Study: Americans Don’t Understand Others
Rugged American individualism could hinder our ability to understand other peoples’ point of view, a new study suggests.
And in contrast, the researchers found that Chinese are more skilled at understanding other people’s perspectives, possibly because they live in a more “collectivist” society.
“This cultural difference affects the way we communicate,” said study co-author and cognitive psychologist Boaz Keysar of the University of Chicago.
The study, though oversimplified compared to real life, was instructive. Keysar and his colleagues arranged two blocks on a table so participants could see both. However, a piece of cardboard obstructed the view of one block so a “director,” sitting across from the participant, could only see one block.
When the director asked 20 American participants (none of Asian descent) to move a block, most were confused as to which block to move and did not take into account the director’s perspective. Even though they could have deduced that, from the director’s seat, only one block was on the table.
Most of the 20 Chinese participants, however, were not confused by the hidden block and knew exactly which block the director was referring to. While following directions was relatively simple for the Chinese, it took Americans twice as long to move a block.

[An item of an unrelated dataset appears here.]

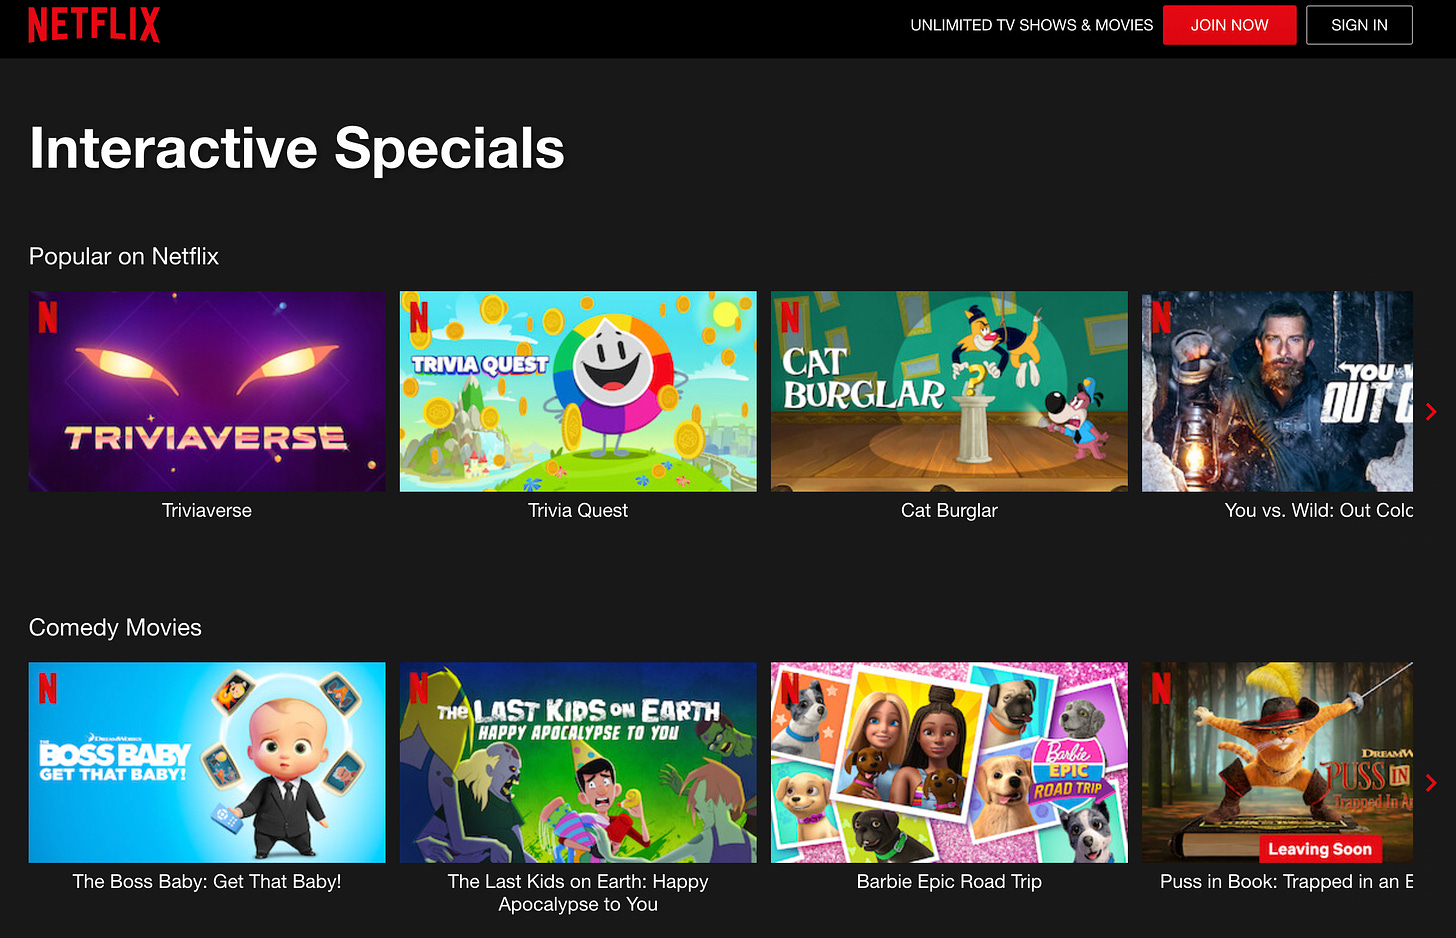 Une capture d'écran montrant des images miniatures pour Netflix s'affiche sous un titre intitulé "Offres spéciales interactives"

“That strong, egocentric communication of Westerners was nonexistent when we looked at Chinese,” Keysar said. “The Chinese were very much able to put themselves in the shoes of another when they were communicating.”
I don’t think this means that Americans can’t understand other societies’ mores and folkways, and if one is going to jump to that conclusion from this study, one should also say that the Chinese don’t understand others. All it means is that it confirms what we understand from real-world observation of China and the Chinese, both historically and modern-day, that they have a collectivist and nationalist ant-like mentality.